** What is required **
In the entries that follow, repeat exactly the lines from the one that has "拮抗酸化する粘土チャーリー スイートローズバブルバス 入浴剤" through the one that has "bonne année, carte", but omit pictures.

** Extracted data **

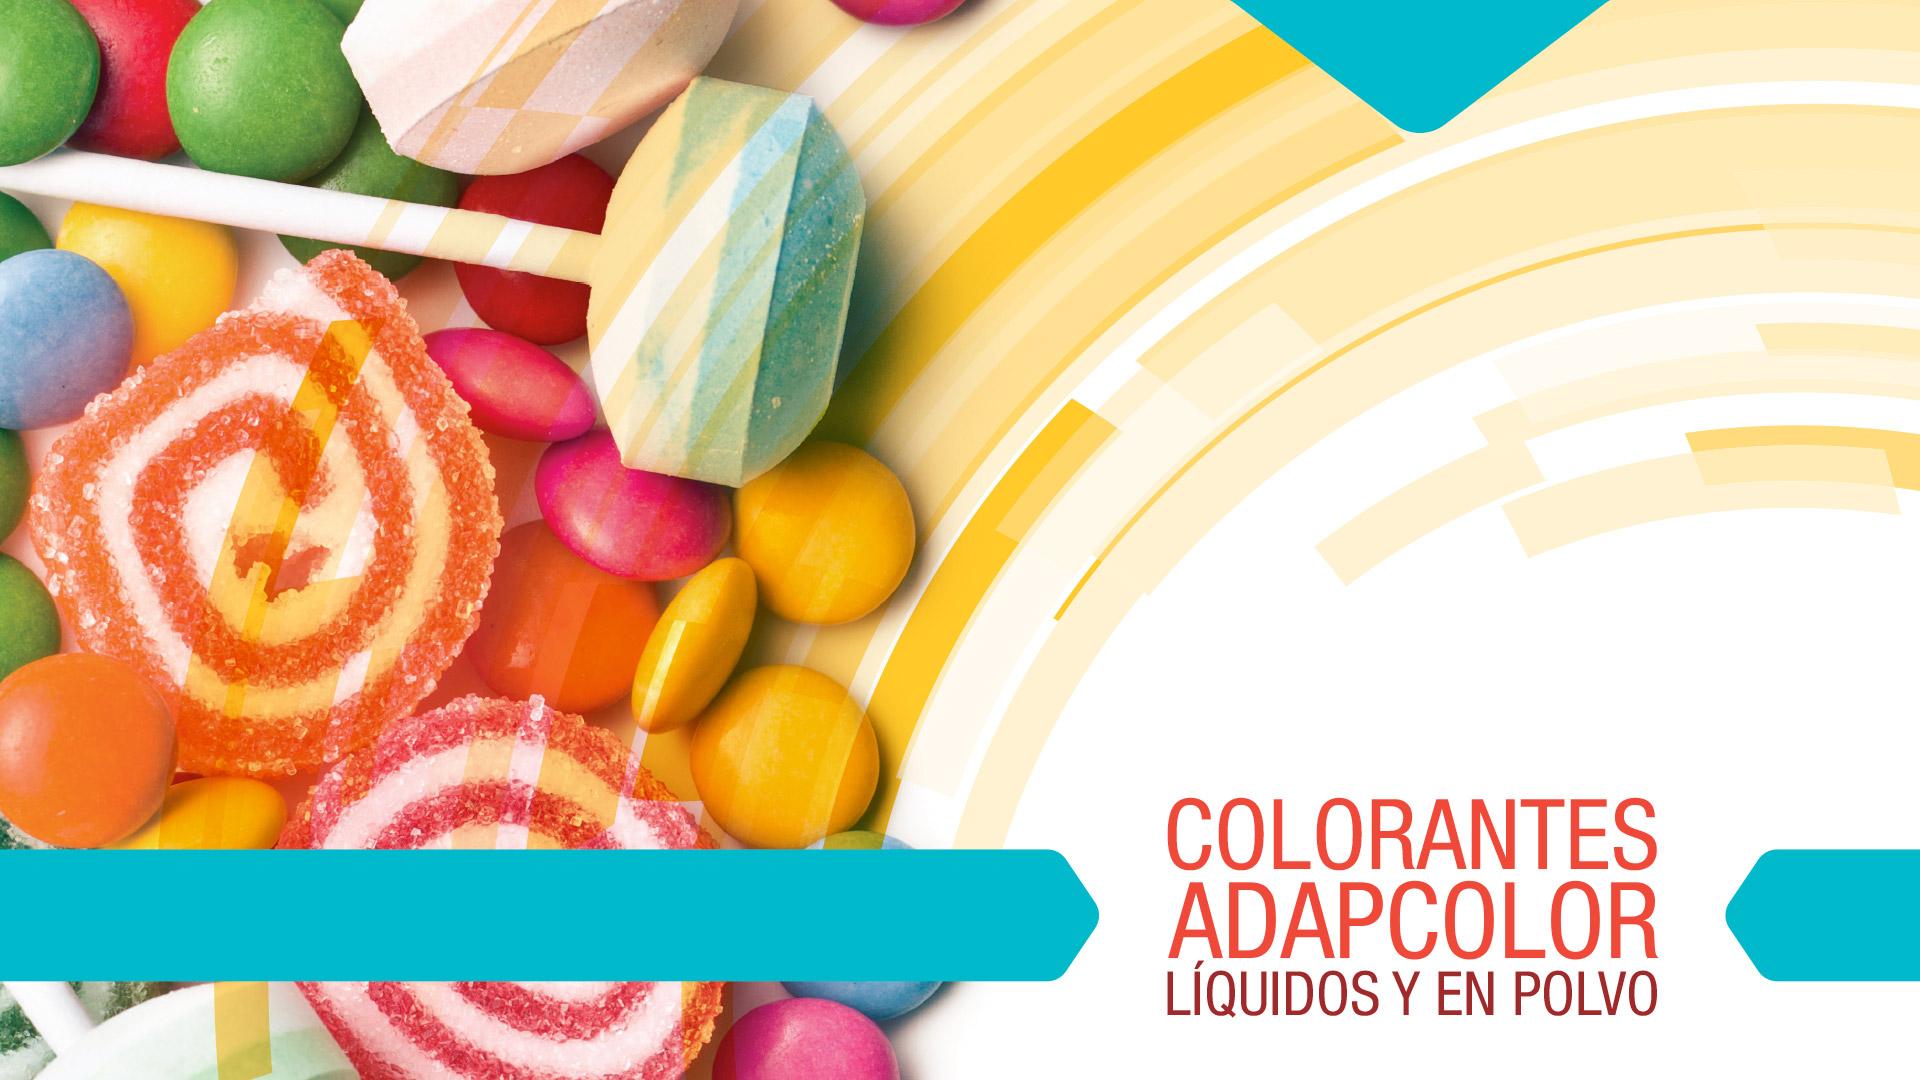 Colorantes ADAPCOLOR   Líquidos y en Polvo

...

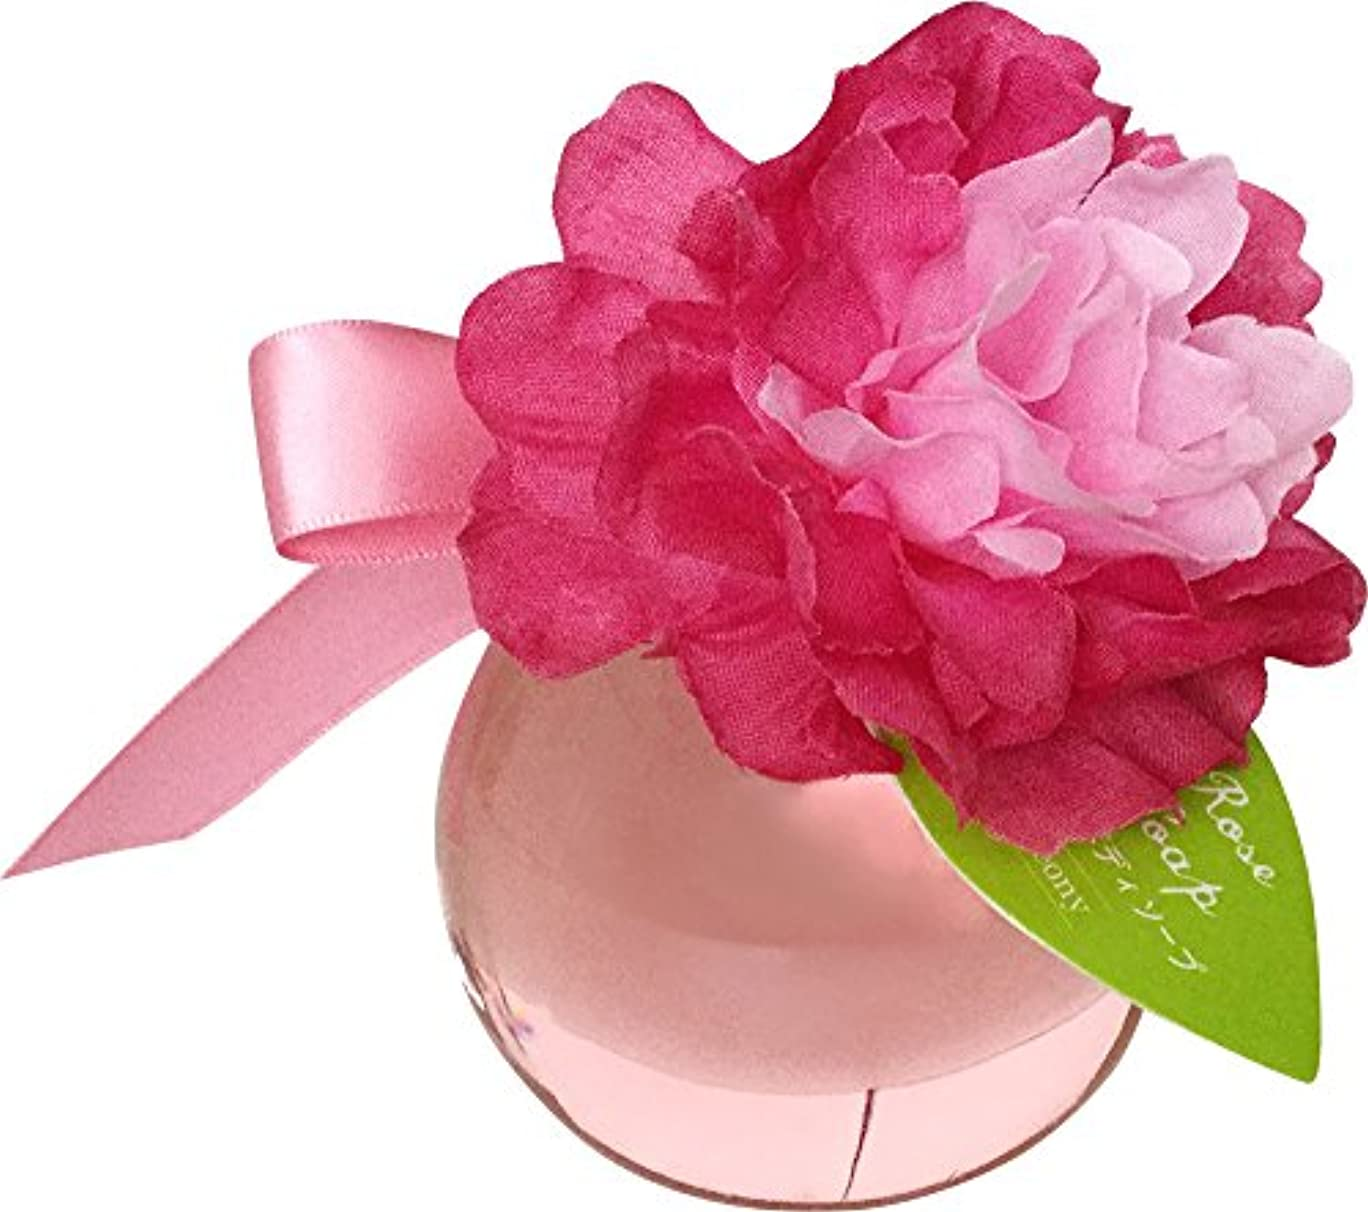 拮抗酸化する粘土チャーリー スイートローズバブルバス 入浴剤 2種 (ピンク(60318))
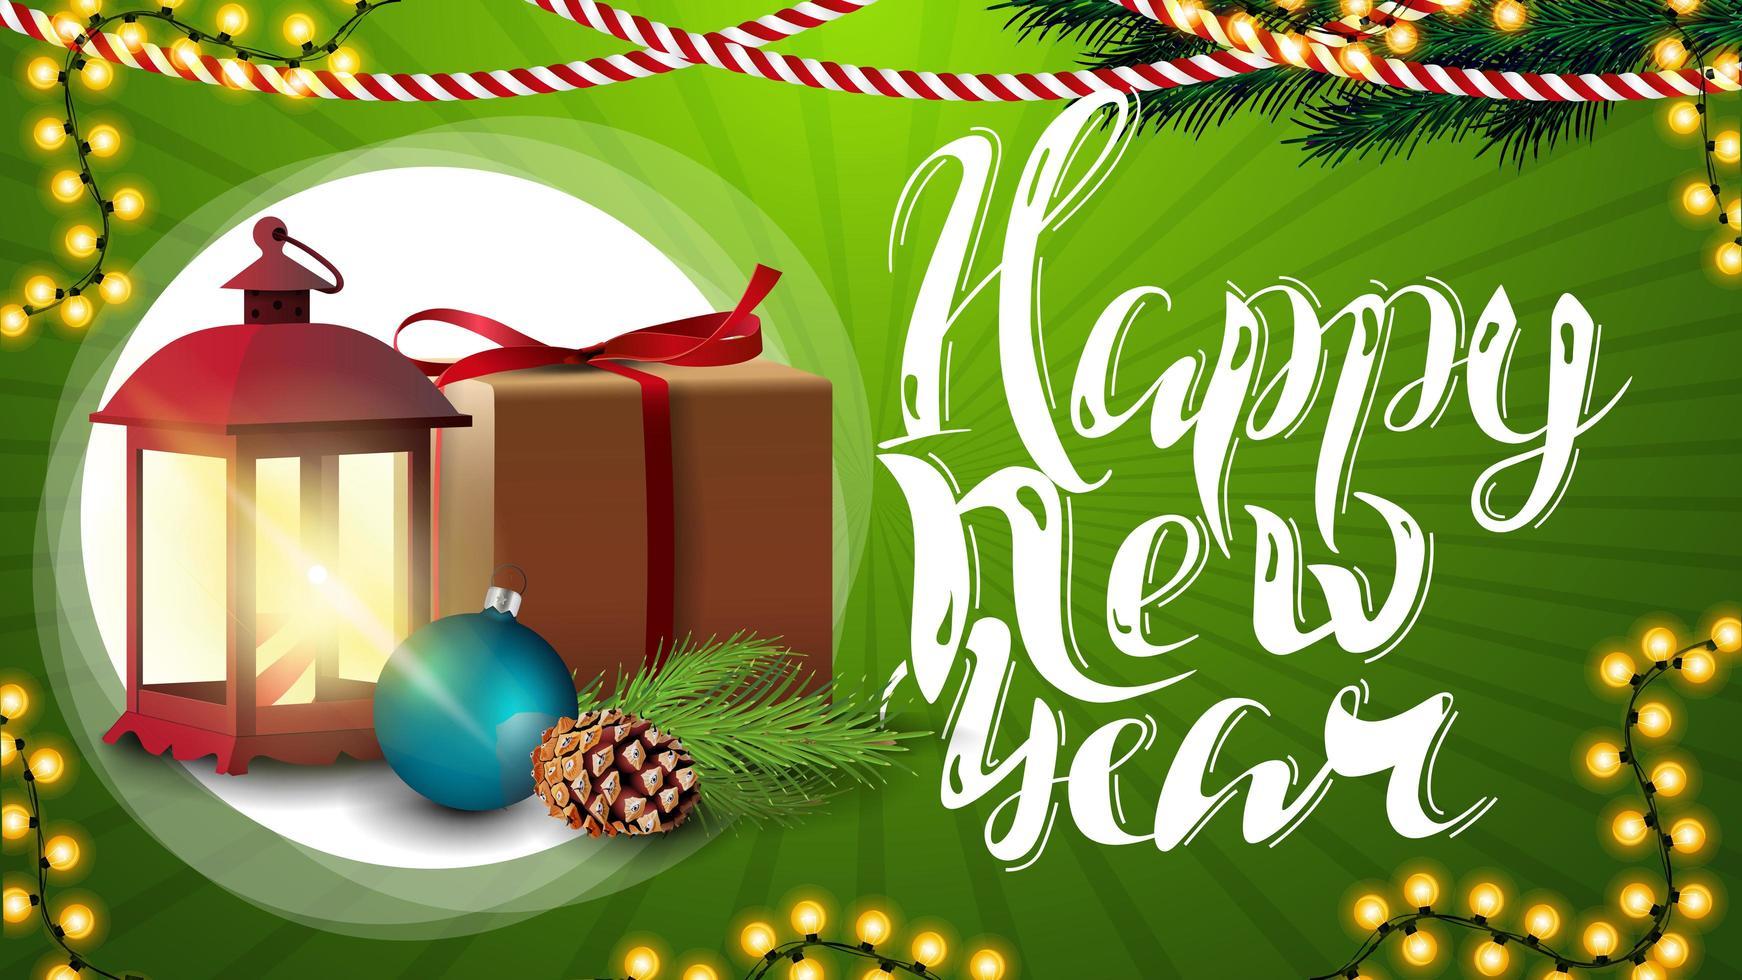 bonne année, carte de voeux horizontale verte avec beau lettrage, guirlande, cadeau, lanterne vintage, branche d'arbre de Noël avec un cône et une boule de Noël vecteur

** Solved exercise **
 拮抗酸化する粘土チャーリー スイートローズバブルバス 入浴剤 2種 (ピンク(60318))
 bonne année, carte de voeux horizontale verte avec beau lettrage, guirlande, cadeau, lanterne vintage, branche d'arbre de Noël avec un cône et une boule de Noël vecteur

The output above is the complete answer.